### Exercise instructions
The lines below, all of them, should be returned exactly as they appear.

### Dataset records
↓

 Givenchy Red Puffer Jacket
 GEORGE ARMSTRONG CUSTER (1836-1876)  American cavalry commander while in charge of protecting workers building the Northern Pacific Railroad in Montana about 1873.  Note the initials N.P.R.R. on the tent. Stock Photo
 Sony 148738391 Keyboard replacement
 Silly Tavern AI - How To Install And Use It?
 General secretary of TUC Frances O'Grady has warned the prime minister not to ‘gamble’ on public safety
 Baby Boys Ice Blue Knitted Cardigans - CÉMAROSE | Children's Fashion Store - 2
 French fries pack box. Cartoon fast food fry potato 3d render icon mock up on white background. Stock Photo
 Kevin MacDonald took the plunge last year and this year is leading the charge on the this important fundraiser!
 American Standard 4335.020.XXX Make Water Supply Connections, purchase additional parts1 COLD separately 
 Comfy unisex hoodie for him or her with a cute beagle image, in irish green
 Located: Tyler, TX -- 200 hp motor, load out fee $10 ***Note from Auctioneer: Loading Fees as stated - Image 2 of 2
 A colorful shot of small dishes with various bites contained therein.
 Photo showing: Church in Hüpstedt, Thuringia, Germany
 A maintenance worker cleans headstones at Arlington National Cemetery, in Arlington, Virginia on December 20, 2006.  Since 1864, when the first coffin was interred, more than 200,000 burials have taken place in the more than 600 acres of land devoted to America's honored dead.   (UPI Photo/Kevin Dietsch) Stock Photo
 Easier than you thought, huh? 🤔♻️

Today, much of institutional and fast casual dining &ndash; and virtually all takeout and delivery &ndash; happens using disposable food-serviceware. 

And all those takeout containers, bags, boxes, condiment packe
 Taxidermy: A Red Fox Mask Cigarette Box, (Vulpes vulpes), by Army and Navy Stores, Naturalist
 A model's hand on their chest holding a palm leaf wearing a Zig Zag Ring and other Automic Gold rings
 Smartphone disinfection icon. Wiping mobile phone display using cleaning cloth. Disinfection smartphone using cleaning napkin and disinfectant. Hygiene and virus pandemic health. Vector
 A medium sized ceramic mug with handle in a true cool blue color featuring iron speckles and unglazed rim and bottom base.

↑

### Exercise output
 Givenchy Red Puffer Jacket
 GEORGE ARMSTRONG CUSTER (1836-1876)  American cavalry commander while in charge of protecting workers building the Northern Pacific Railroad in Montana about 1873.  Note the initials N.P.R.R. on the tent. Stock Photo
 Sony 148738391 Keyboard replacement
 Silly Tavern AI - How To Install And Use It?
 General secretary of TUC Frances O'Grady has warned the prime minister not to ‘gamble’ on public safety
 Baby Boys Ice Blue Knitted Cardigans - CÉMAROSE | Children's Fashion Store - 2
 French fries pack box. Cartoon fast food fry potato 3d render icon mock up on white background. Stock Photo
 Kevin MacDonald took the plunge last year and this year is leading the charge on the this important fundraiser!
 American Standard 4335.020.XXX Make Water Supply Connections, purchase additional parts1 COLD separately 
 Comfy unisex hoodie for him or her with a cute beagle image, in irish green
 Located: Tyler, TX -- 200 hp motor, load out fee $10 ***Note from Auctioneer: Loading Fees as stated - Image 2 of 2
 A colorful shot of small dishes with various bites contained therein.
 Photo showing: Church in Hüpstedt, Thuringia, Germany
 A maintenance worker cleans headstones at Arlington National Cemetery, in Arlington, Virginia on December 20, 2006.  Since 1864, when the first coffin was interred, more than 200,000 burials have taken place in the more than 600 acres of land devoted to America's honored dead.   (UPI Photo/Kevin Dietsch) Stock Photo
 Easier than you thought, huh? 🤔♻️

Today, much of institutional and fast casual dining &ndash; and virtually all takeout and delivery &ndash; happens using disposable food-serviceware. 

And all those takeout containers, bags, boxes, condiment packe
 Taxidermy: A Red Fox Mask Cigarette Box, (Vulpes vulpes), by Army and Navy Stores, Naturalist
 A model's hand on their chest holding a palm leaf wearing a Zig Zag Ring and other Automic Gold rings
 Smartphone disinfection icon. Wiping mobile phone display using cleaning cloth. Disinfection smartphone using cleaning napkin and disinfectant. Hygiene and virus pandemic health. Vector
 A medium sized ceramic mug with handle in a true cool blue color featuring iron speckles and unglazed rim and bottom base.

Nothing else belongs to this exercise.